The covariance between the energy at two different points is a function of the overlap, or dot product, between those points, or
\begin{equation} \label{eq:covariance}
\overline{H(\mathbf s_1)H(\mathbf s_2)}=Nf\left(\frac{\mathbf s_1\cdot\mathbf s_2}N\right)
\end{equation}
where the function $f$ is defined from the coefficients $a_p$ by
\begin{equation}
f(q)=\frac12\sum_pa_pq^p
\end{equation}
In this paper, we will focus on models with a replica symmetric complexity.
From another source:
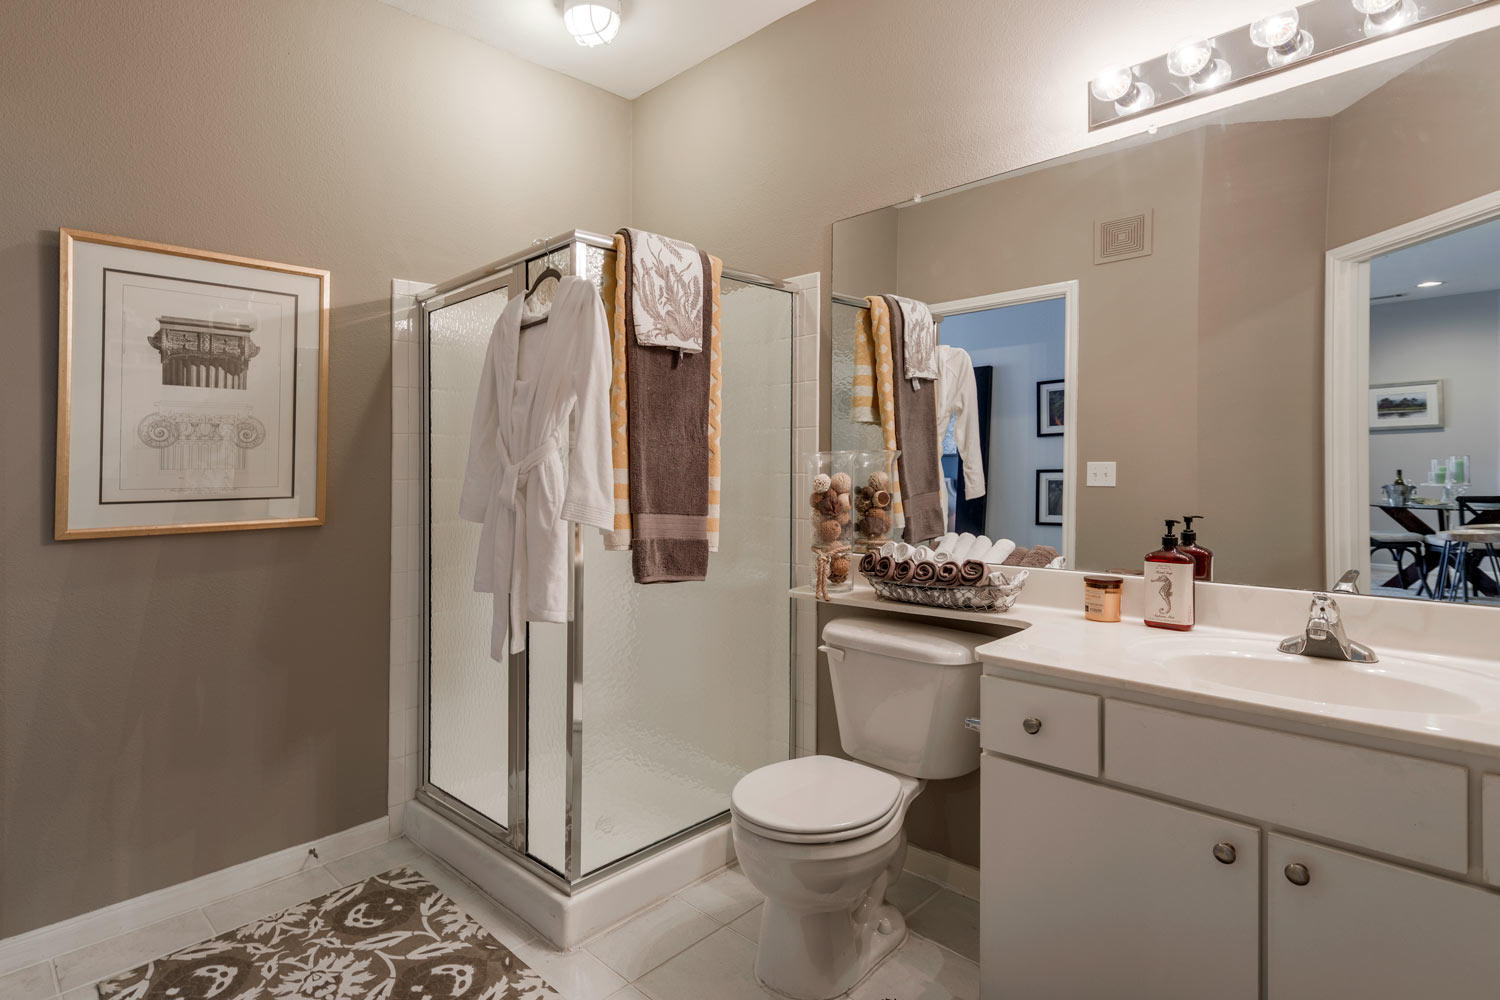 Bathroom with stand in shower and ample storage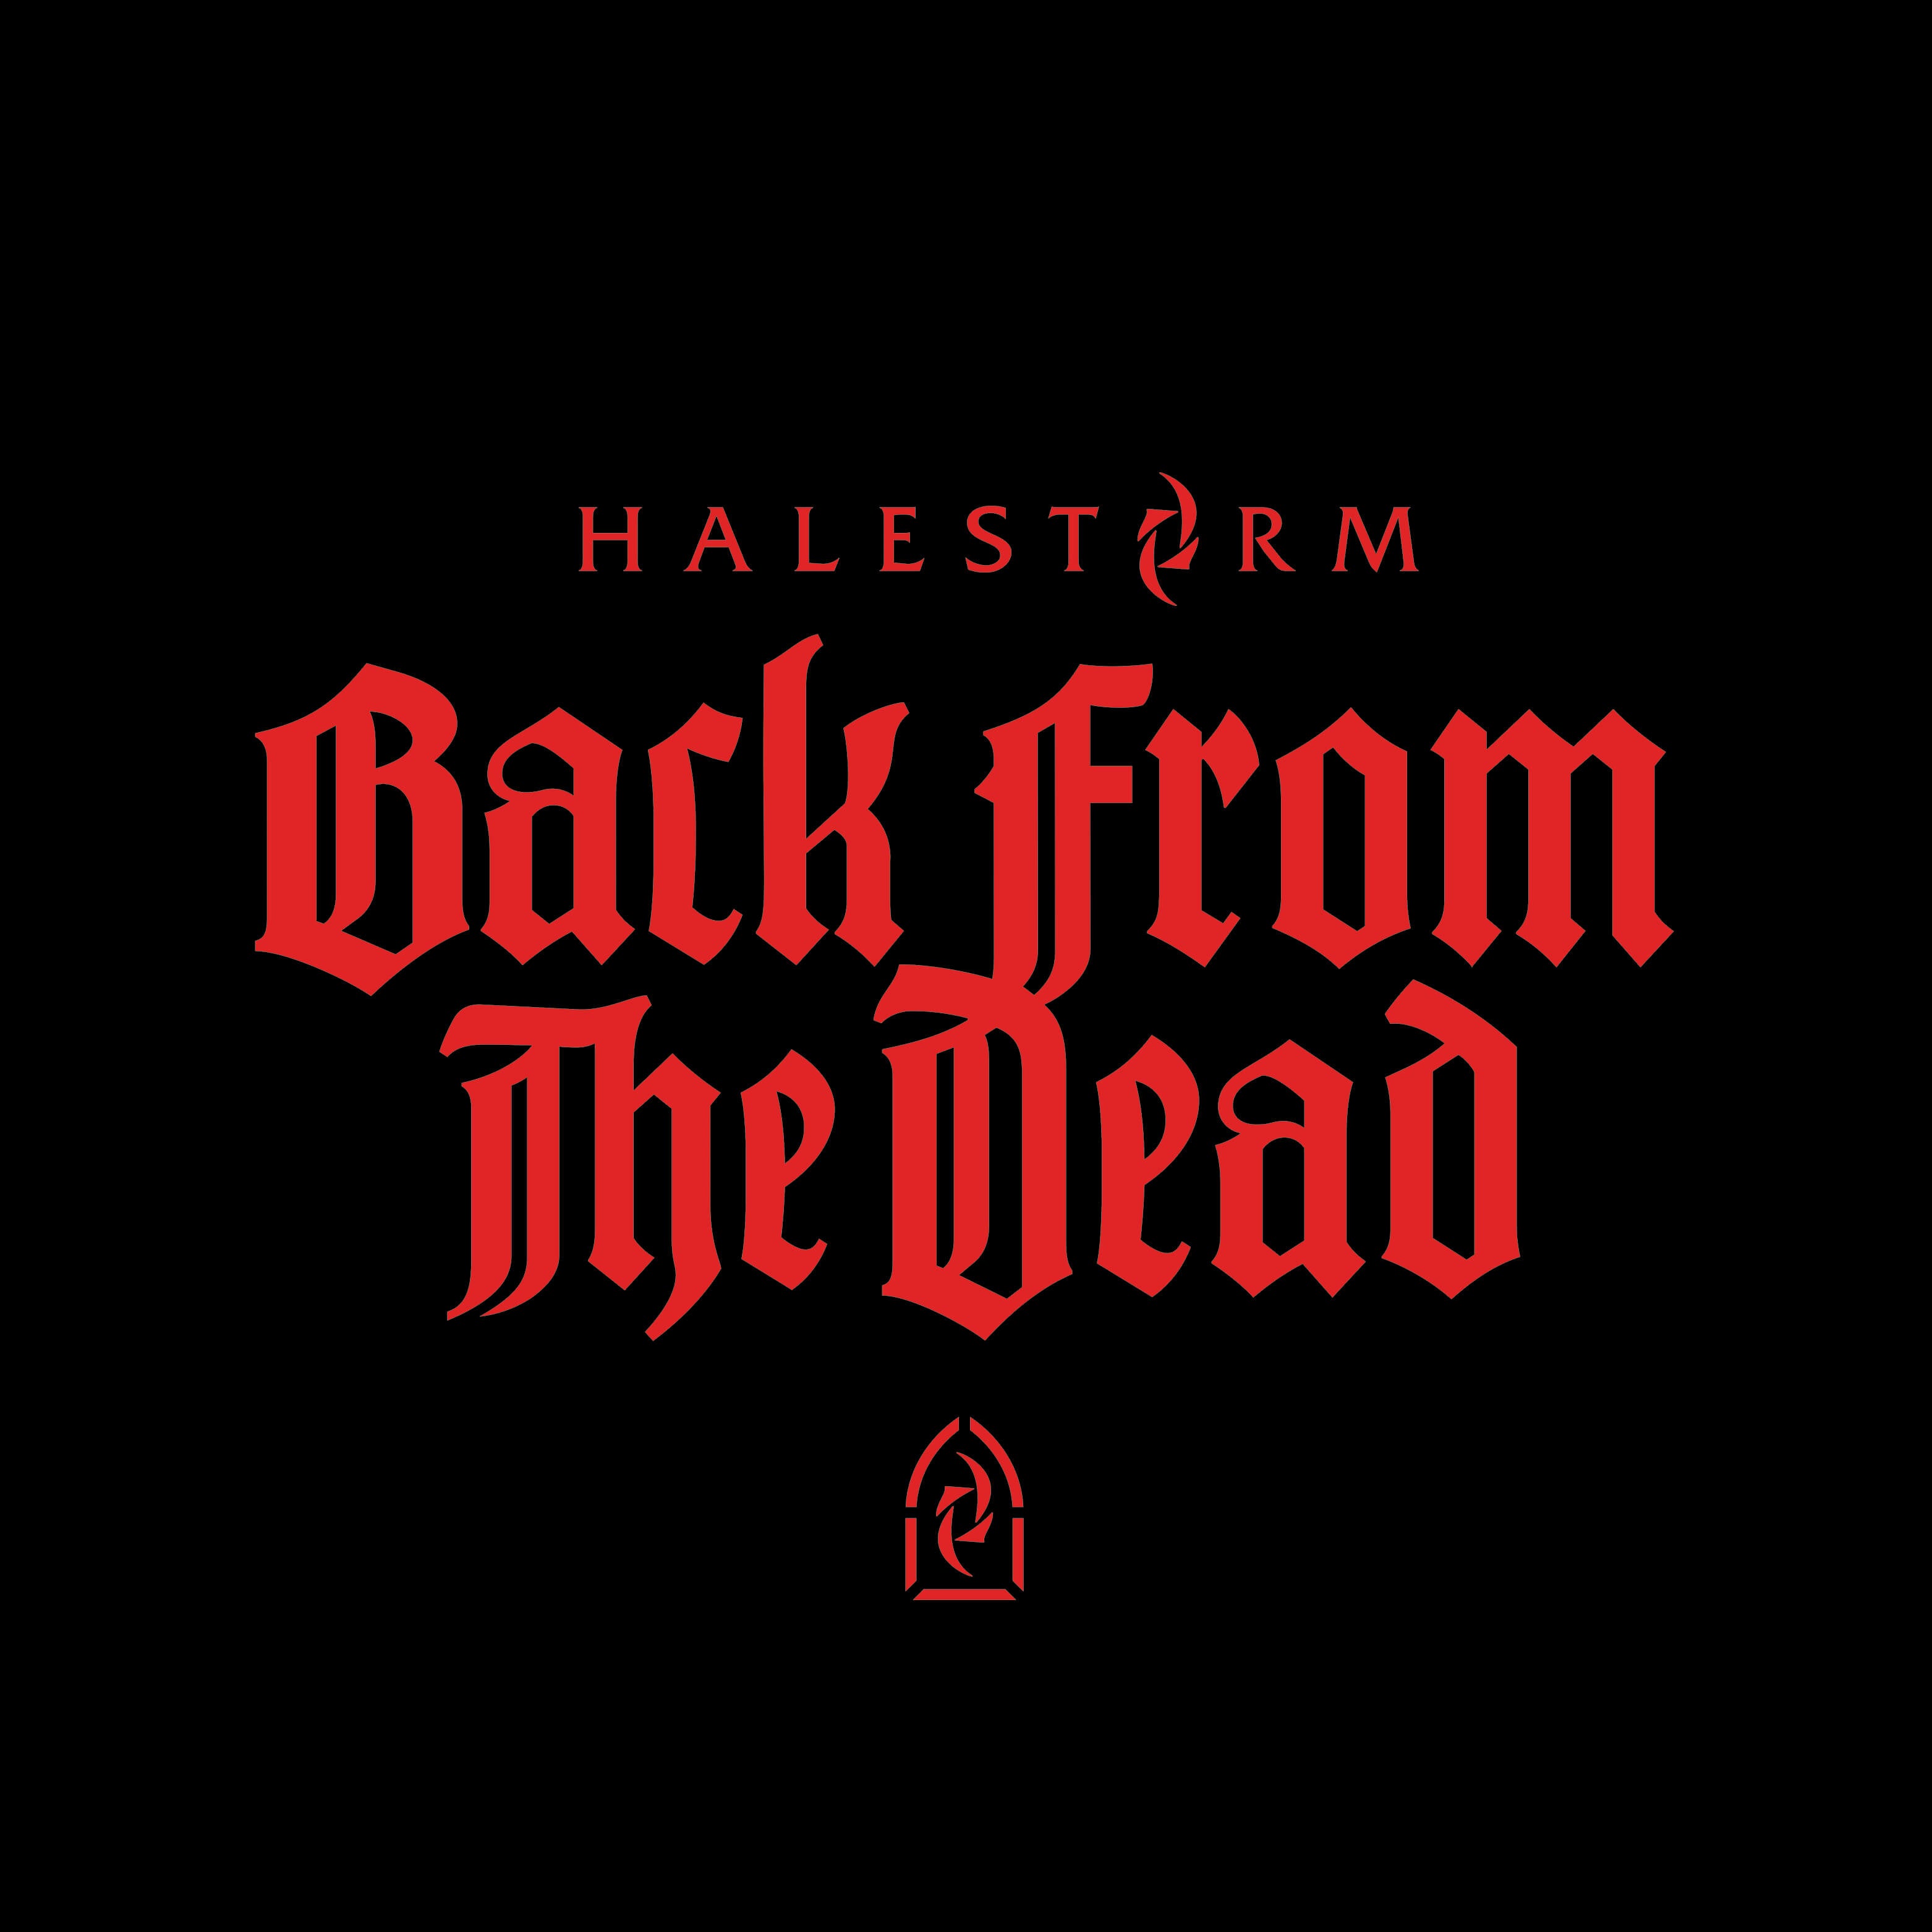 Halestorm - Back From The Dead T-Shirt

We introduce the Kac--Rice \cite{Kac_1943_On, Rice_1944_Mathematical} measure
\begin{equation}
d\nu_H(\mathbf s)
=d\mathbf s\,\delta\big(\nabla H(\mathbf s)\big)\,
\big|\det\operatorname{Hess}H(\mathbf s)\big|
\end{equation}
which counts stationary points of the function $H$. More interesting is the
measure conditioned on the energy density $E$ and stability $\mu$,
\begin{equation}
d\nu_H(\mathbf s\mid E,\mu)
=d\nu_H(\mathbf s)\,
\delta\big(H(\mathbf s)-NE\big)\,
\delta\big(N\mu-\operatorname{Tr}\operatorname{Hess}H(\mathbf s)\big)
\end{equation}
We want the typical number of stationary points with energy density
$E_2$ and stability $\mu_2$ that lie a fixed overlap $q$ from a reference
stationary point of energy density $E_1$ and stability $\mu_1$.
\begin{align*}
\Sigma_{12}
&=\frac1N\overline{\int\frac{d\nu_H(\mathbf s_0\mid E_0,\mu_0)}{\int d\nu_H(\mathbf s_0'\mid E_0,\mu_0)}\,
\log\bigg(\int d\nu_H(\mathbf s_1\mid E_1,\mu_1)\,\delta(Nq-\mathbf s_0\cdot\mathbf s_1)\bigg)}
\end{align*}
\begin{align*}
\Sigma_{12}
&=\frac1N\lim_{n\to0}\lim_{m\to-1}\overline{\int d\nu_H(\mathbf s_0\mid E_0,\mu_0)\left(\int d\nu_H(\mathbf s_0'\mid E_0,\mu_0)\right)^m\,
\frac\partial{\partial n}\bigg(\int d\nu_H(\mathbf s_1\mid E_1,\mu_1)\,\delta(Nq-\mathbf s_0\cdot \mathbf s_1)\bigg)^n}\\
&=\frac1N\lim_{n\to0}\lim_{m\to0}\frac\partial{\partial n}\overline{\int\left(\prod_{b=1}^md\nu_H(\pmb\sigma_b\mid E_0,\mu_0)\right)\left(\prod_{a=1}^nd\nu_H(\mathbf s_a\mid E_1,\mu_1)\,\delta(Nq-\pmb \sigma_1\cdot \mathbf s_a)\right)}
\end{align*}
\begin{equation}
\overline{\big|\det\operatorname{Hess}H(s)\big|\,\delta\big(N\mu-\operatorname{Tr}\operatorname{Hess}H(s)\big)}
=e^{N\int d\lambda\,\rho(\lambda+\mu)\log|\lambda|}\delta(N\mu-s\cdot\partial H)
\end{equation}
\begin{equation}
\rho(\lambda)=\begin{cases}
\frac2{\pi}\sqrt{1-\big(\frac{\lambda}{\mu_\text m}\big)^2} & \lambda^2\leq\mu_\text m^2 \\
0 & \text{otherwise}
\end{cases}
\end{equation}
\begin{equation}
\begin{aligned}
\mathcal D(\mu)
&=\int d\lambda\,\rho(\lambda+\mu)\ln|\lambda| \\
&=\begin{cases}
\frac12+\log\left(\frac12\mu_\text m\right)+\frac\mu{\mu_\text m}\left(\frac\mu{\mu_\text m}-\sqrt{\big(\frac\mu{\mu_\text m}\big)^2-1}\right)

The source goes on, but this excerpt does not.